Problematika saat ini yang kita
hadapi seperti krisis pangan, krisis kepercayaan, krisis teknologi, krisis
pendidikan tak lepas dari krisis penelitian yang ada di Indonesia. Kita akui,
penelitian di Indonesia hanya memiliki sedikit anggaran. Disisi lain, peneliti
terus saja diarahkan untuk melakukan penelitian yang menghasilkan benefit
secara langsung, menhasilkan keuntungan secara langsung dan cepat. Akibatnya,
penelitian dibidang dasar seperti biologi kurang mendapat dukungan dari pemberi
dana.
Lebih jauh, esensi sebuah
penelitian tidak hanya berkata tentang hasil (output), tapi merupakan pemenuhan
dari aspek input yang melewati aspek proses. Secara filasafati kita tahu bahwa
awal dari sebuah pengetahuan adalah dari keingin taahuan akan sesuatu,
meragukan segala sesuatu, meragukan kebenaran yang telah diamini oleh banyak
orang, dari sana peragu akan menjalani proses peraih pengetahuan untuk menjawab
keraguan-raguannya.
Keragu-raguan ini muncul banyak
dikalangan tua, lebih banyak lagi dikalangan muda. Maka darinya penelitian
banyak dilakukan oleh dosen-dosen diperguruan tinggi, ya, seperti yang kita
tahu perbedaan antara guru-guru di SMA dan Dosen di Perguruan Tinggi. Guru
hanya berkewajiban mendidik, tetapi Dosen selain mendidik juga berkewajiban
melakukan penelitian. Selain merupakan kewajiban, penelitian ini sudah menjadi
layaknya menjadi ruh pada dosen-dose yang bisa dikatakan kaum tua ini. Ketika
Dosen sebagai kaum tua banyak meneliti, maka sewajarnya kaum muda yang disini
adalah mahasiswa lebih banyak lagi aktif untuk meneliti. Meragukan banyak hal
memcari kebenaran.
Ketika ketertarikan diberbagai
kalangan untuk meneliti ini begitu tinggi, maka banyak kalangan menilai
pentingnya menemukan mereka, bahkan hingga sampai mengabungkannya menjadi
organisasi. Maka darinya lahirlah LIPI (Lembaga Ilmu Pengetahuan Indonesia)

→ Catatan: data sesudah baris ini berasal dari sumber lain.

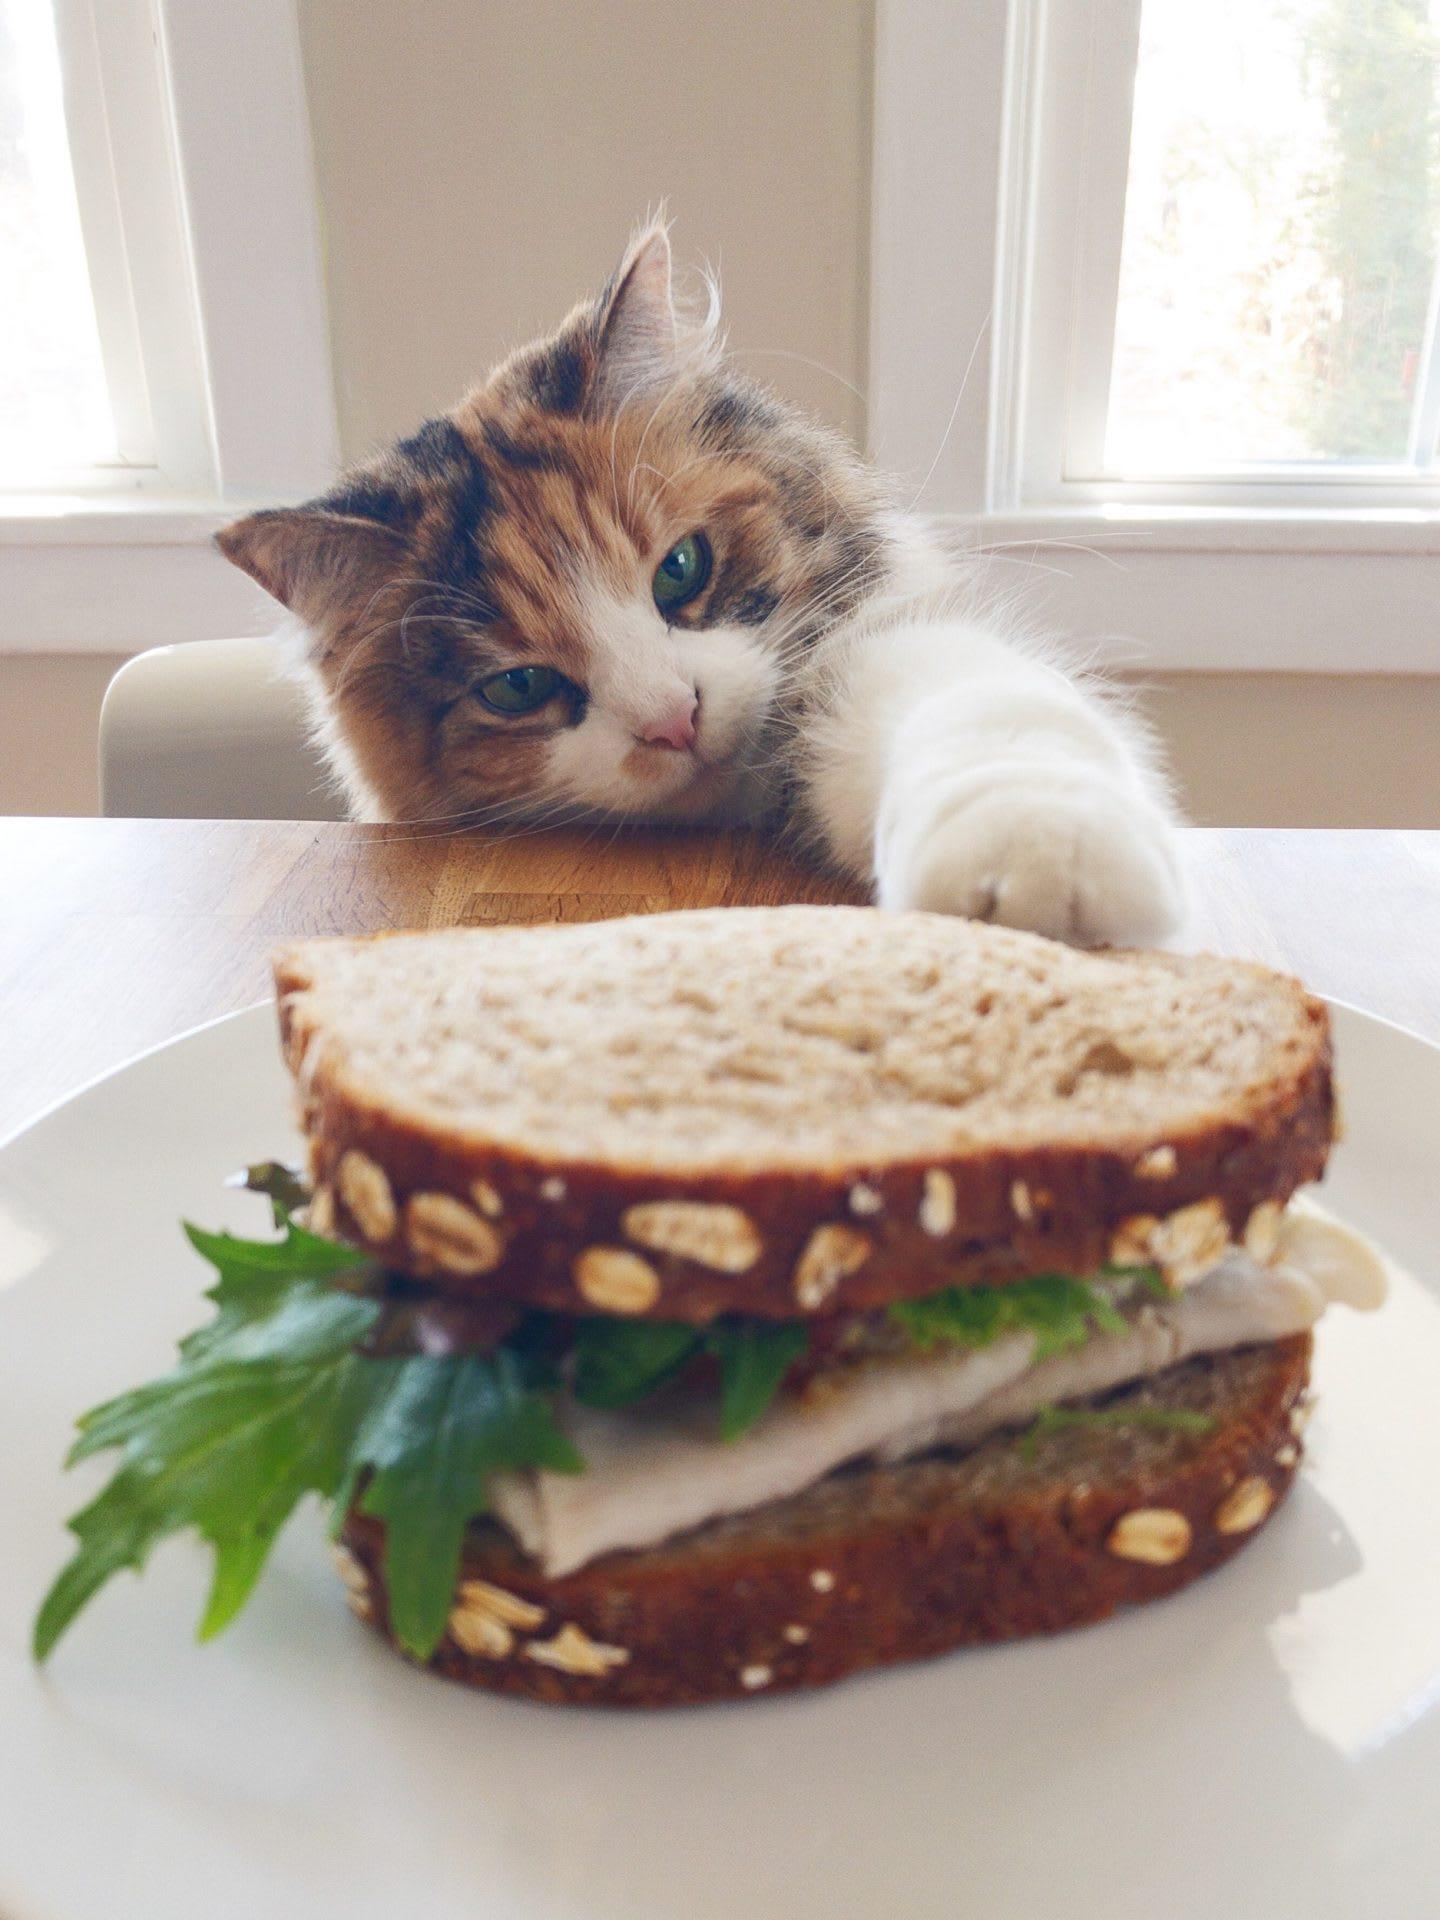 Fluffy cat touching a sandwich with paw, cute, animal, pet, kitten

yang merupakan lembaga penelitian dibawah pemerintah, selain LIPI banyak pula
organiasasi non profit atau NGO dibidang ini seperti MITI (Masyarakat Ilmuan
dan Tegnolog Indonesia), ICMI (Ilmuan dan Cendekiawan Muslim Indonesia) dan
lain sebagaianya. Maka lagi-lagi, menjadi hal yg layak dan seharusnya kaum muda
(mahasiswa) memiliki lebih banyak lagi forum-forum semacam LIPI, MITI, dan
ICMI.
Di UGM sendiri, terdapat 27 Kelompok Studi yang resmi berada pada
naungan Fakultas-fakultas di UGM. Kelompok-kelompok studi yang terbentuk dari
dan untuk mahasiswa ini merupakan bentuk dari penasaran yang besar akan suatu
topik dan keinginan berkarya. “Saat ini, pergerakan mahasiswa telah bergeser,
dari yang hanya berteriak-teriak di jalanan menjadi ditambahi dengan aktivitas
penelitin di lab dan lapangan, dari sekedar mengkritisi, sekarang dilengkapi
dengan solusi, itu lah era kita, era kelompok studi” Ujar Ari Akbar Devananta,
ketua SCCF (Study Club Communication Forum) UGM 2013.
Kelompok Studi yang menjamur ini
merupakan bentuk kongkrit dari perwujudan keilmuan terorganisir. Sama halnya
dengan generasi tua. Terbentuknya kelompok studi didasarkan pada kesadaran
bahwa sebuah minat dan ketertarikan penelitian dan pembelajaran harus
diorganisasi untuk memperbesar skala kontribusi dan peran. Ibarat manusia,
keilmuan adalah jiwa dan organisasi adalah roh, keduanya harus disatukan, tak
dapat dipisahkan untuk menjadi manusia, untuk menjadi Kelompok Studi yang utuh.